Migrant self-selection – the question who migrates and who does not – is one of the most fundamental issues in the study of migration and often appears in the political discussion on skill-selective migration policies. But despite the vast evidence of the existence of migrant self-selection, its consequences are far from clear. Does it really matter who leaves a country? And if so, who is most affected? A new IZA Discussion Paper by Costanza Biavaschi and Benjamin Elsner answers these questions by estimating the impact of migrant self-selection on welfare in the sending and receiving countries. The authors compare GDP per capita under the observed migration pattern to a simulated scenario, in which the skills of the migrants resemble those of the home population, while the number of migrants remains constant.

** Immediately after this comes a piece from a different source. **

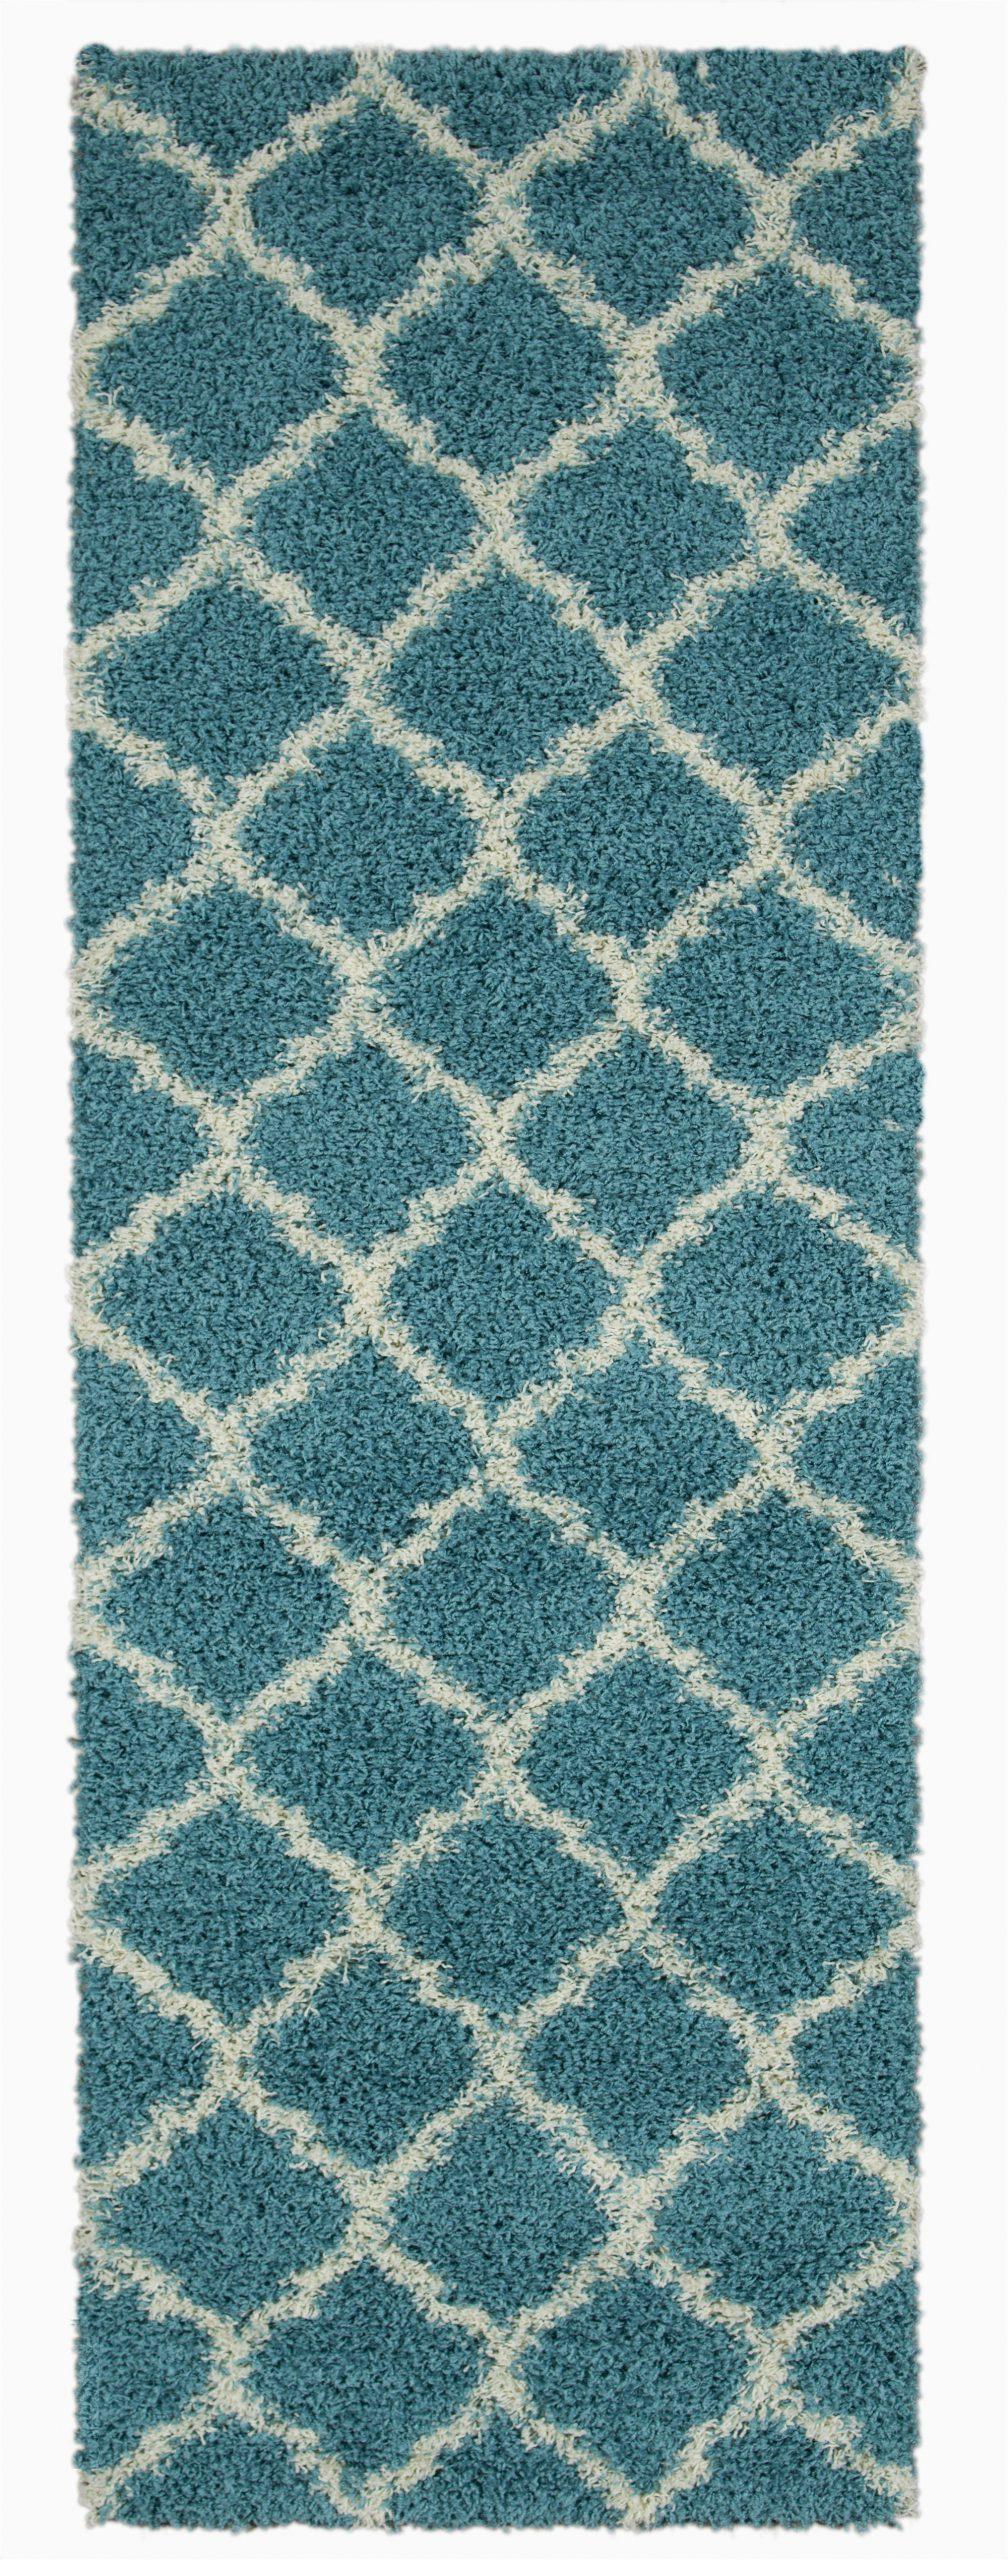 ottomanson ultimate shag collection moroccan trellis design contemporary hallway kitchen shag runner rugs turquiose blue 27x80

Two episodes of mass migration to the US serve as examples: the migration from Norway in the 1880s and the migration from Mexico in the 2000s. Norwegian emigrants were positively selected – they had higher skills than people who stayed in Norway – whereas Mexican emigrants were negatively selected. In both periods, the authors find virtually no aggregate effect in the US, while the effects are large in the sending countries: migrant selection decreases Norwegian GDP by 0.3%, and increases Mexican GDP by almost 1%. 1% may not seem like a large impact at first, but the authors show that it is as large as the difference in GDP per capita between zero migration and the current level of migration.
Yet, self-selection only matters if a number of conditions are met. The migration flow has to significantly change the population size, and the skills of migrants have to be sufficiently different from those of stayers. This was the case in Mexico, but not in Norway. In the US, the effect is zero due to the low transferability of migrant skills. Mexican immigrants are so heavily concentrated at the lower end of the US skill distribution that an improvement of their skills due to a more positive skill selection would not have any aggregate effect in the US.
Overall, the results suggest that it matters who migrates, but only for the sending countries, and only under certain conditions. Unless the level of immigration is much larger than it is today, migrant selection has no impact on GDP per capita in the receiving countries.